The guy is slime, I don't care if he was the head of the joint chiefs of staff.
More immigrants please, NOT!
forensics can recreate the battle... history channel did it for the battle of little big horn and it was quite interesting...
from the locations of the bodies and the testimony of witnesses, investigators should be able to paint a pretty accurate picture...

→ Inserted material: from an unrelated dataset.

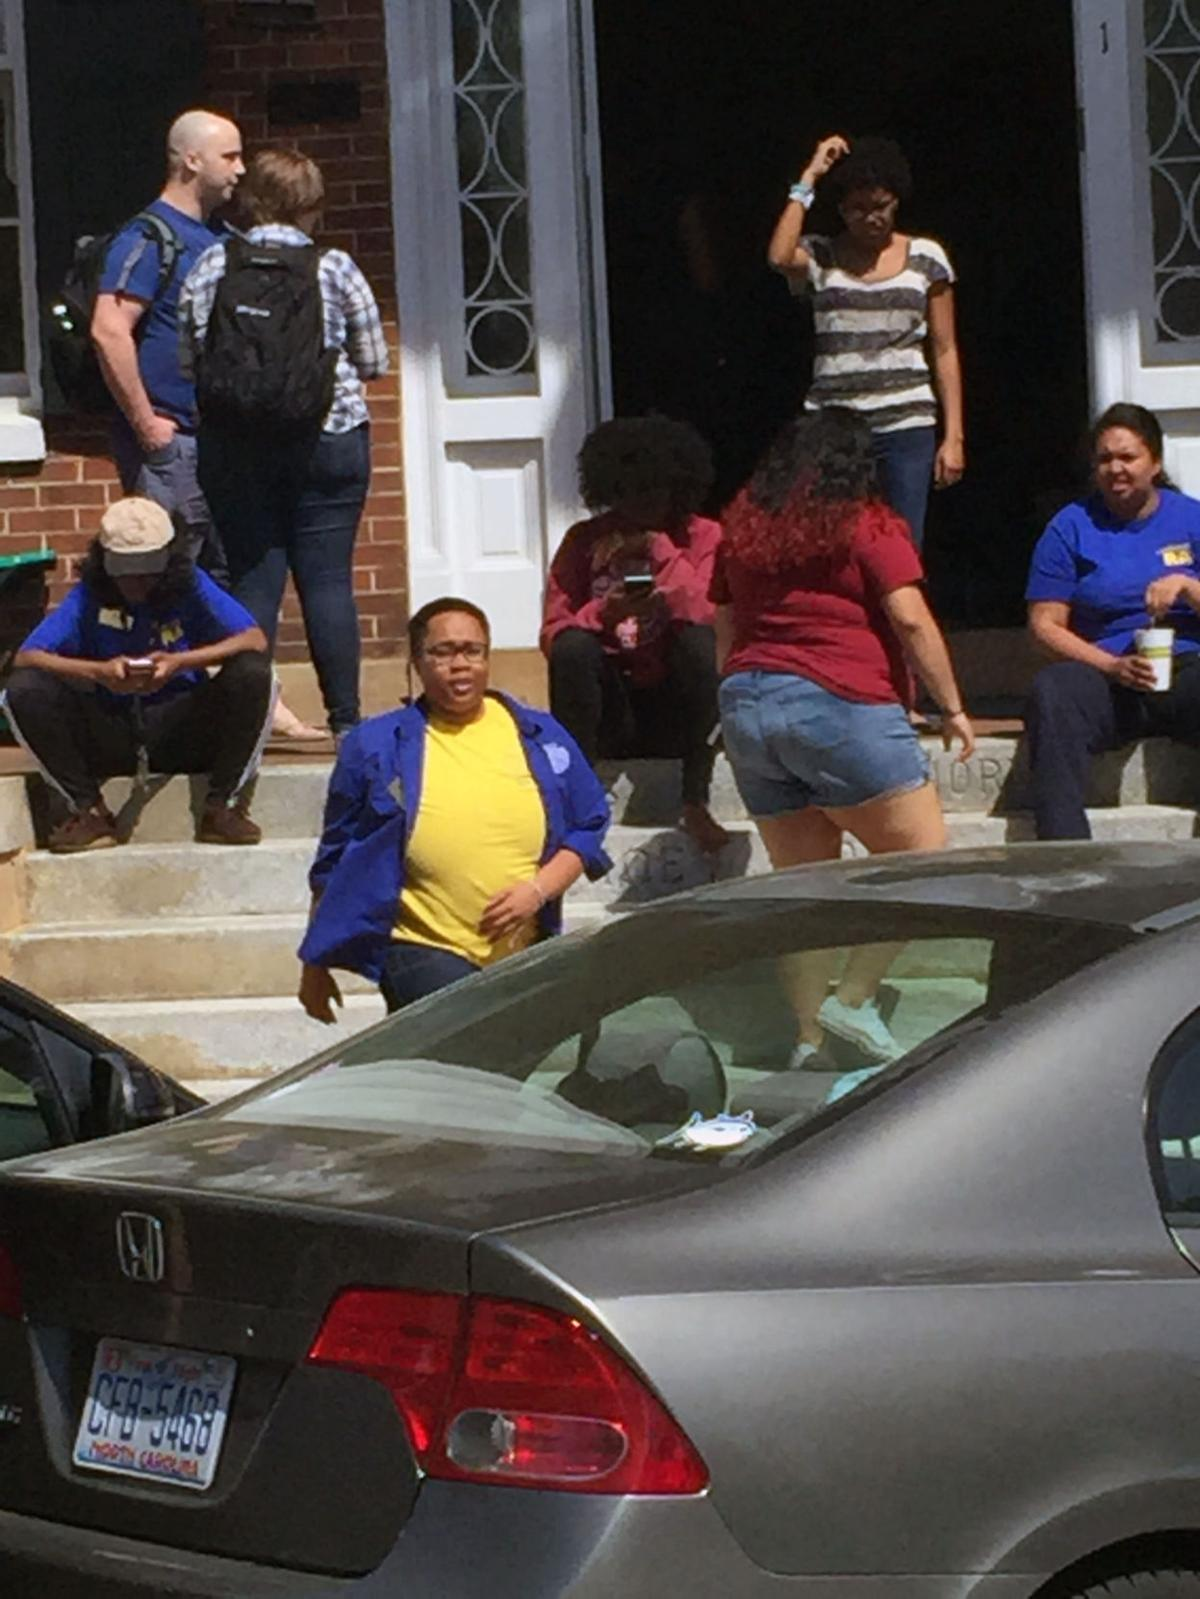 Salem College protest 2

for example, if a hunter fired at vang, relatively close miss, the bullet may be lodged in the stand... vang's first shot would be where the bullet came from perhaps... and can be tracked through lasers and such...
watched a lot of csi, but i don't think the investigation will go this far...
teeman
Am I missing something? This guy admits shooting unarmed people in the back and he is not a suspect??
"I missing something?"
Yes, yes, you are missing something. They don't consider him a suspect in the 2001 murder. He's definately the "accused" in the 2004 murders.
The article is a bit confusing. Bad writing is everywhere, especially in the daily papers!
It's "cop speak"....till they have something, they can't CHARGE him, therefore he's not "yet" a suspect.
Just give 'em time....
You gotta know that that's the first time that particular species of human debris has ever appeared in little Heyward , Wisconsin.
Thanks, After I posted, I thought that might have been what I missed. (Speed reading has its drawbacks...)
I heard it here first. (possible relation to 2001 case)
If they don't call him a suspect they can question him without an attorney present.
Isn't THAT the truth?
My first take on it was that prosecutors wanted to keep the accounts separate until they get all the physical evidence, and don't want either party to be able to alter their account to come into compliance with the others.
Say that the victim says "it happened like this" and the accused gets the information and is careful to alter his statements so that the interpretation of the physical evidence can fit his with some wiggle room.
I hope that is clear. A first principle of interrogation is to separate individuals so they cannot compare stories.